It’s the holiday season, and that means lots of plants and trees: douglas firs, white pines, Colorado spruces, not to mention all the mistletoe, holly, and poinsettias. So much variety! Well, sort of. When you step back, it turns out most plants differ on just two general traits—basically, how big they are, and how they manage the costs and benefits of producing large leaves—according to a paper published today in Nature.
There’s a tremendous variety of plants and trees out in the world, a result of a Darwinian evolution operating in a wide range of environments, writes a team headed by Sandra Díaz, a professor of community and ecosystems ecology at the National University of Cordoba’s Multidisciplinary Institute of Plant Biology. “Yet it has long been thought that there is a pattern to be found in this remarkable evolutionary radiation—that some trait constellations are viable and successful whereas others are not.”

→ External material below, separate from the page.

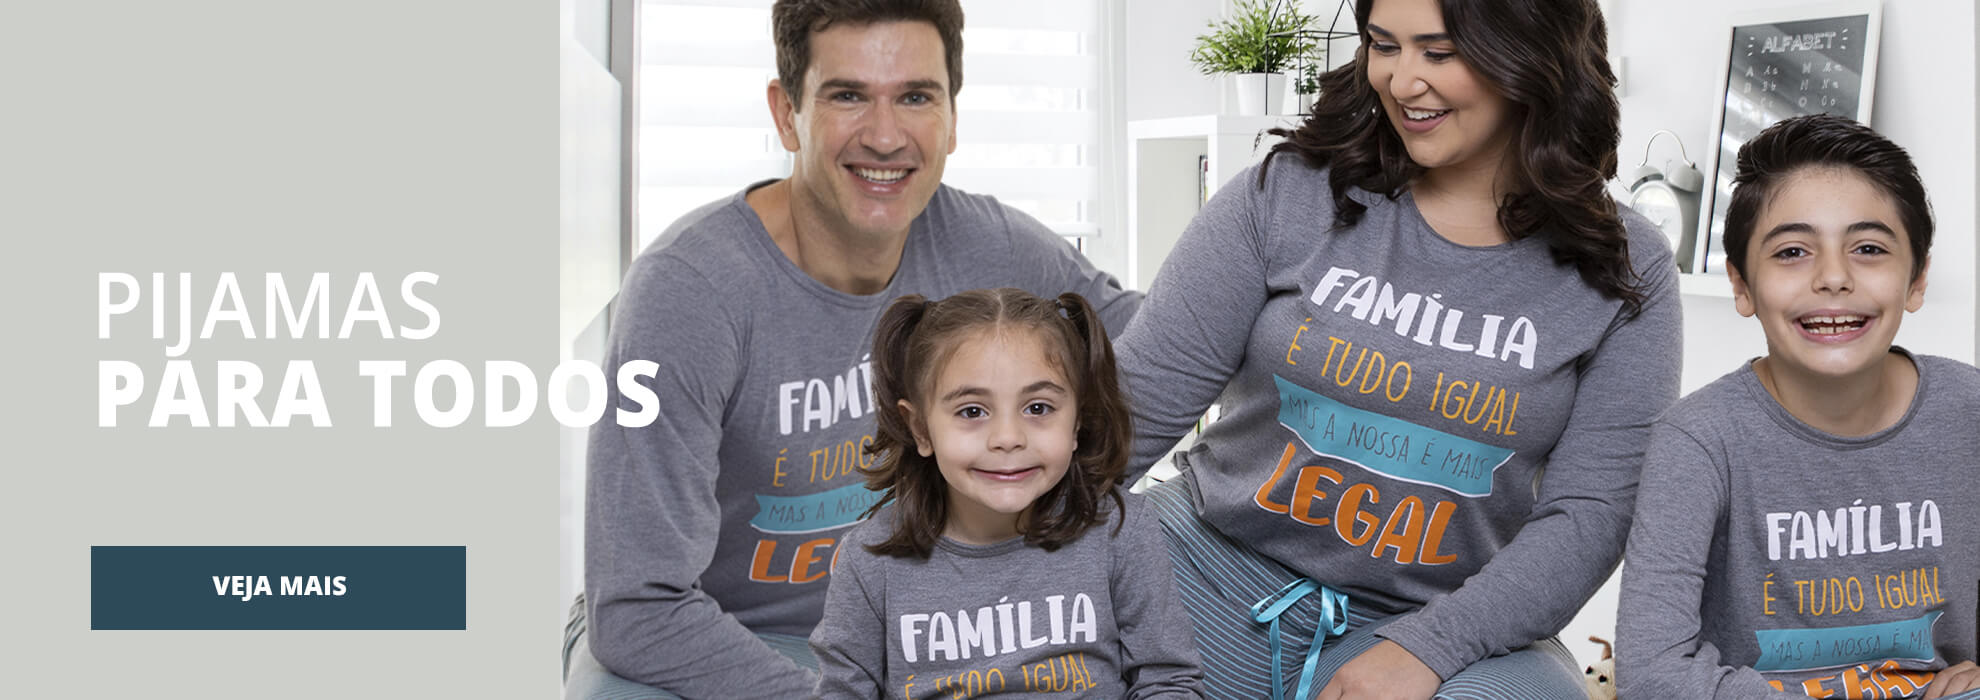 Banner pijamas família

In other words, when you think about it, doesn’t it seem like most plants have a lot in common despite all that variety?
To find out, Díaz and 34 of her colleagues turned to a database of vascular plants—those that have sophisticated systems for transporting water and nutrients, or, more simply, most any plant or tree apart from mosses and algae. That database, known as TRY, includes all sorts of traits for 46,085 vascular plants from 423 biological families, though the biologists focused on six particularly important features: plant height, stem density, the ratio of leaf mass to its area, nitrogen density in leaves, and the mass of the plant’s seeds or spores. Each of those traits reflects some kind of tradeoff. For example, it takes more resources and time to build a tall tree, but tall trees can also gather more light and spread their seeds over a larger area. Similarly, leaf mass per area reflects a tradeoff between the ability to gather light and the durability—and thus longevity—of a leaf.
With even six variables, there’s a lot of room to move around, so to speak, but it turns out plants and trees are relatively tightly constrained. In fact, the team found, about three-quarters of the all the differences between different species come down to just two variables. One variable describes overall size, ranging from short plants with small seeds to tall species with larger seeds. The second variable, as the team describes it, runs from species with “cheaply constructed” leaves to those with more robust leaves that last longer but take more resources to build.
This observation is, of course, largely of interest to scientists, such as those interested in “theories that have focused … on different aspects of the Darwinian struggle for existence,” the team writes. If that’s not you, well, now you have some good banter should you find yourself sipping egg nog next to a Christmas tree with nothing to talk about.